* WORK TASK
In the records below, find the line containing "115749-Red-Dead-Redemption-2-make-camp-a" and the line containing "Gorissen & Lukoschus, 1983". Give again exactly those lines and every line between them, omitting the pictures.

* EXERCISE DATA
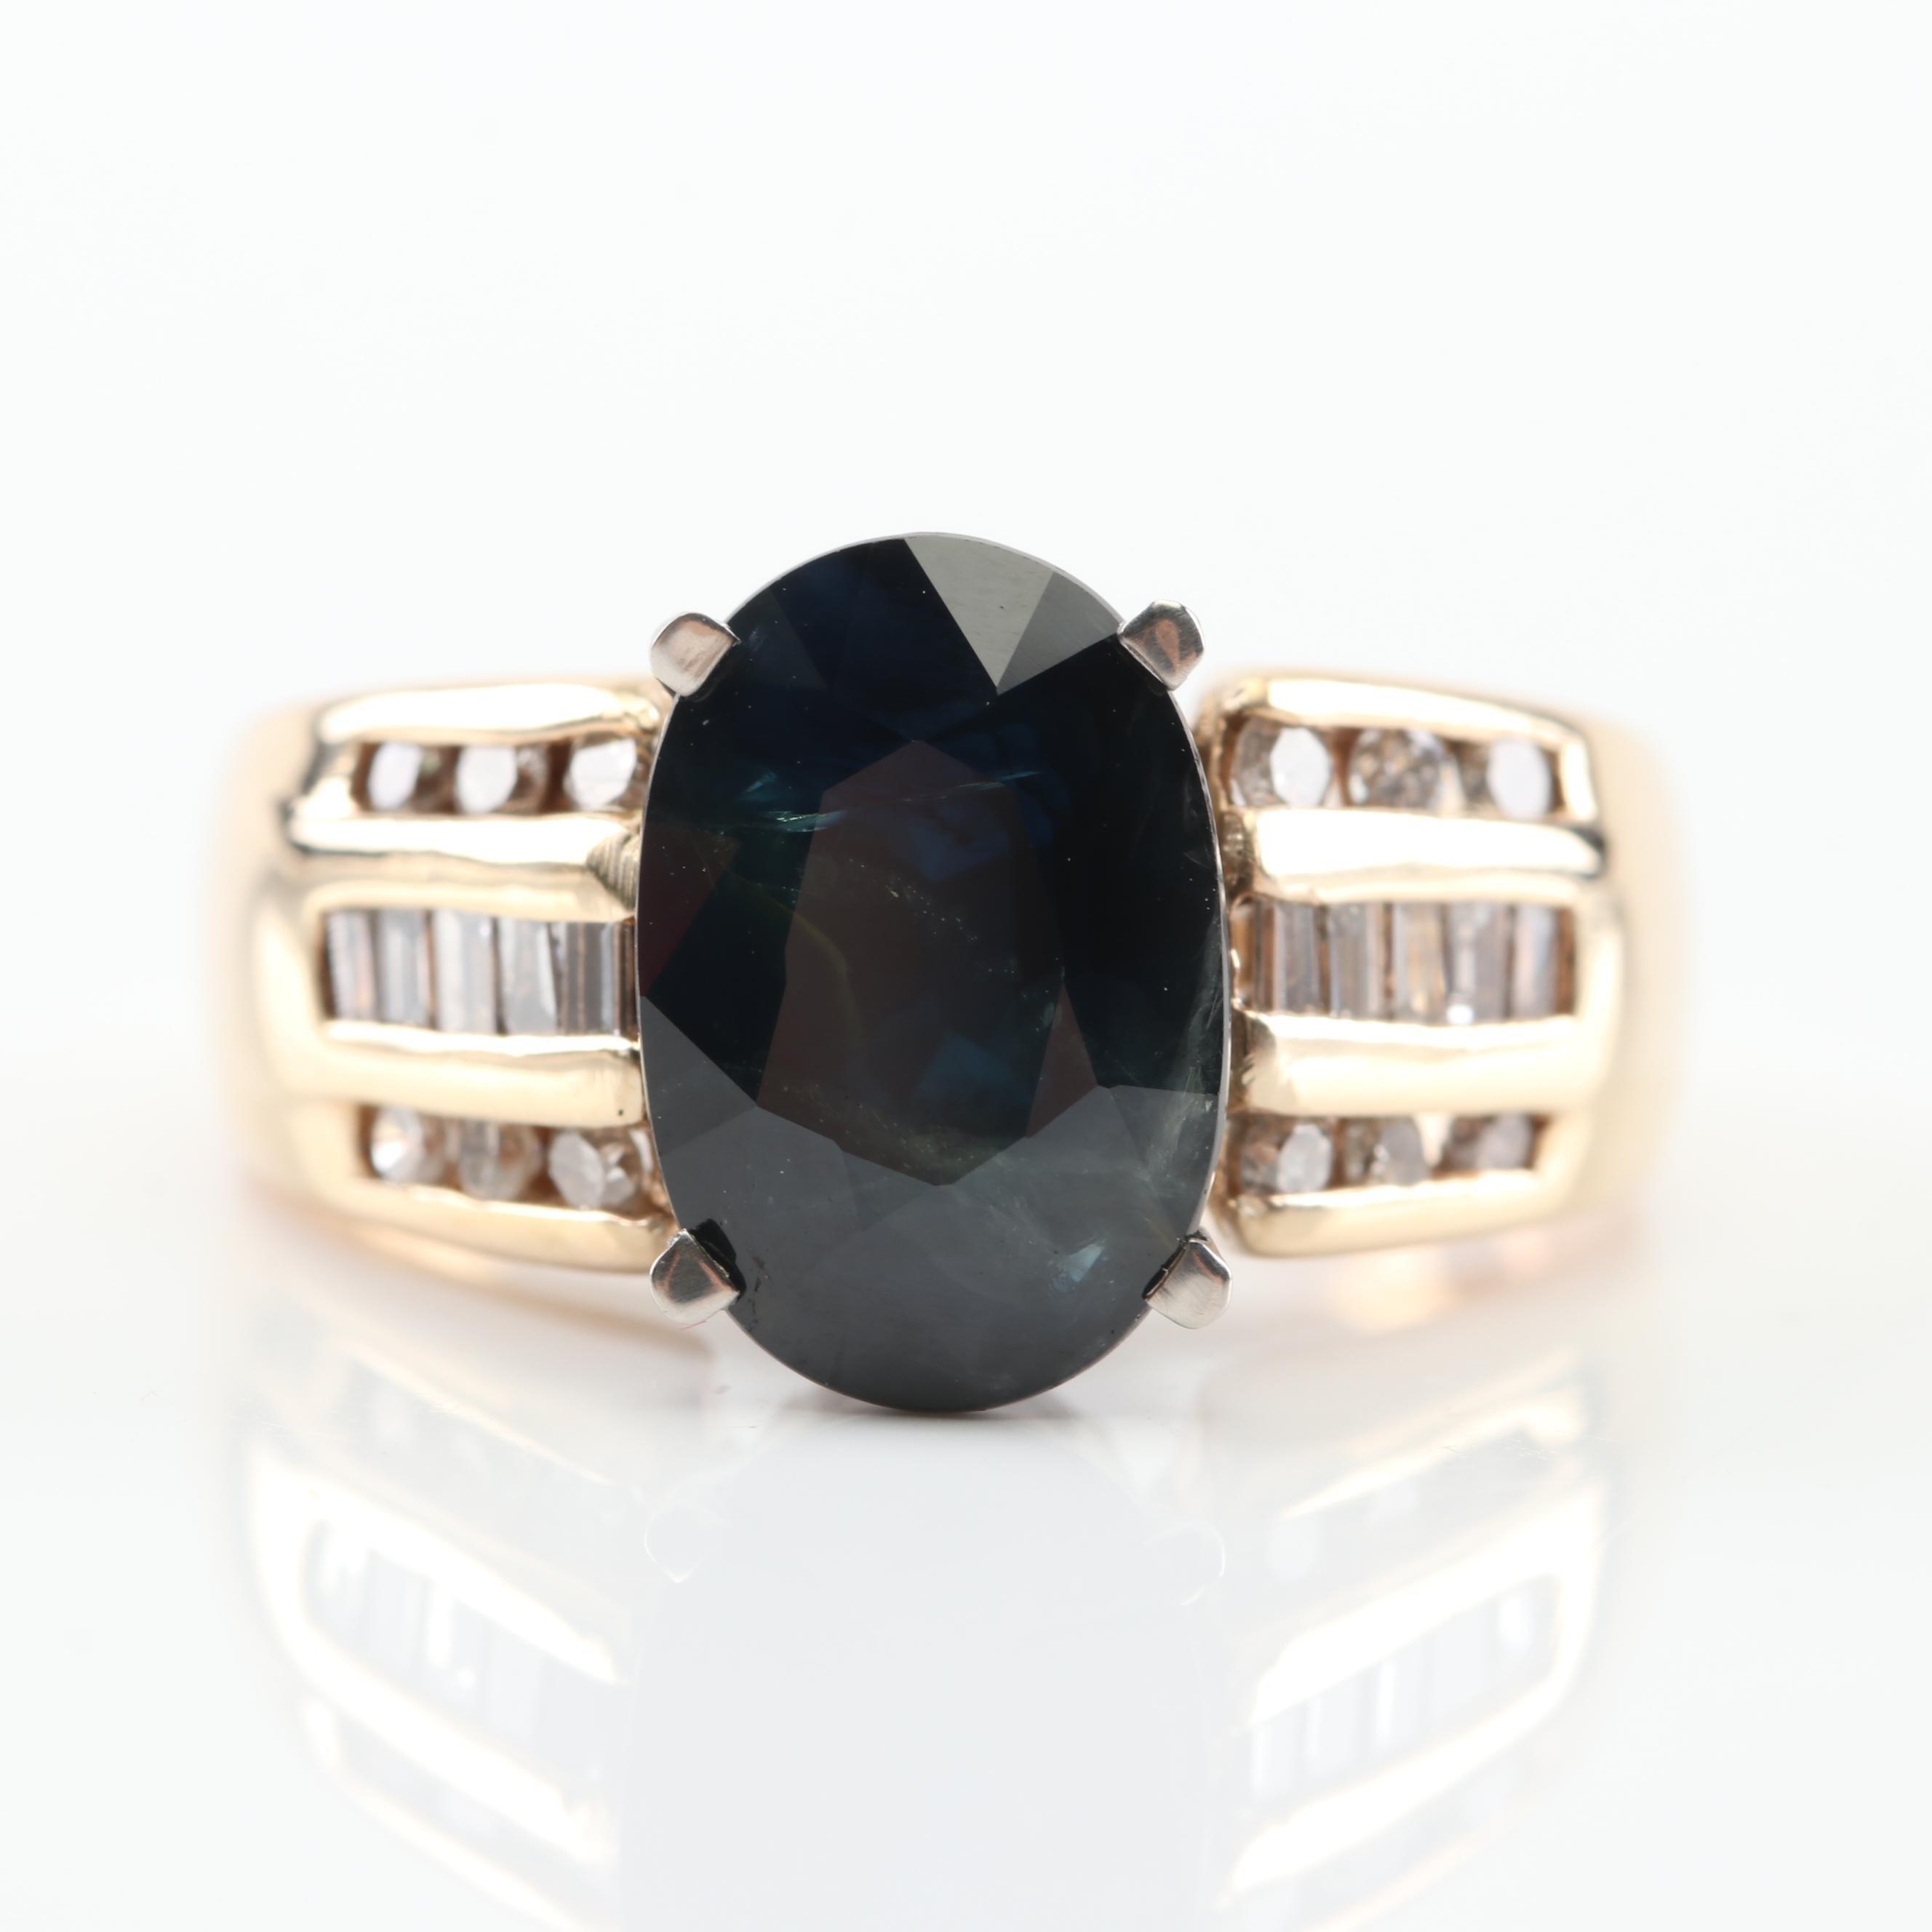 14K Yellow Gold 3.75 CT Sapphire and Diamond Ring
---
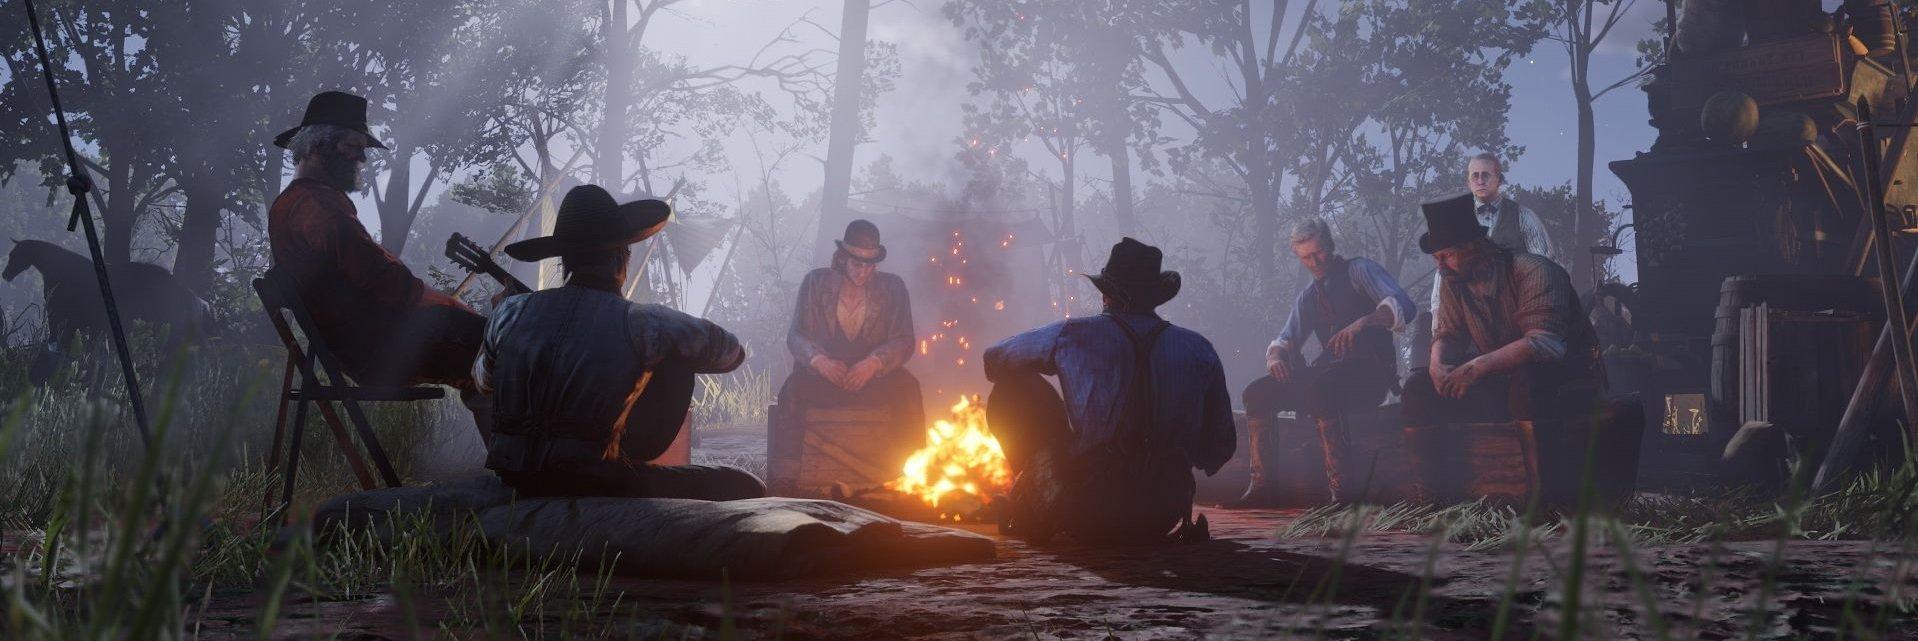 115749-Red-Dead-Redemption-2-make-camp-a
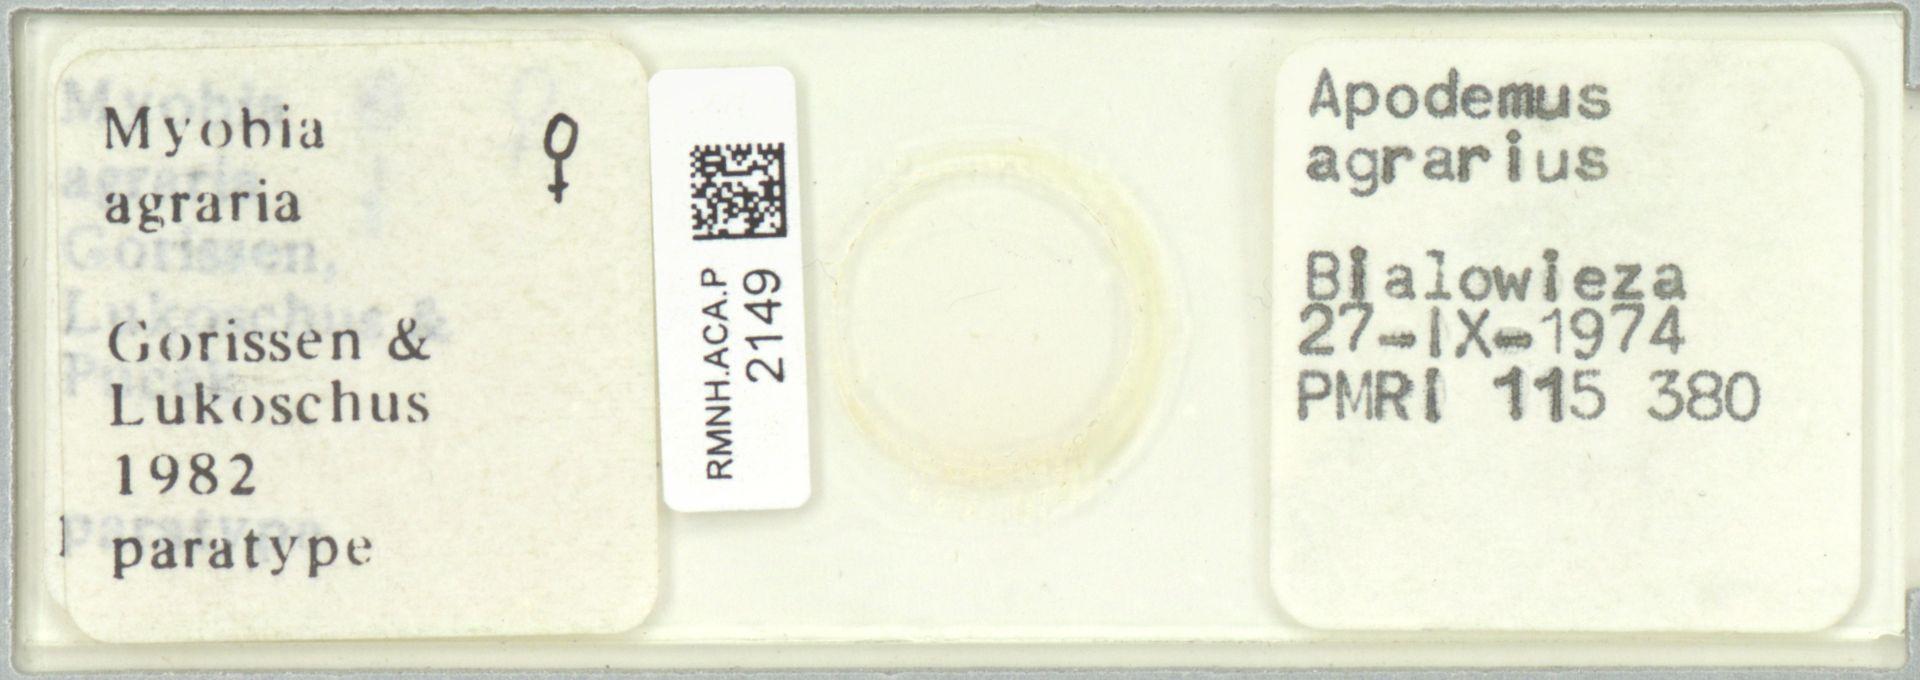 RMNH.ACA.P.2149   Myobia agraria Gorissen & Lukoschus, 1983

* EXERCISE OUTPUT
 115749-Red-Dead-Redemption-2-make-camp-a
 RMNH.ACA.P.2149   Myobia agraria Gorissen & Lukoschus, 1983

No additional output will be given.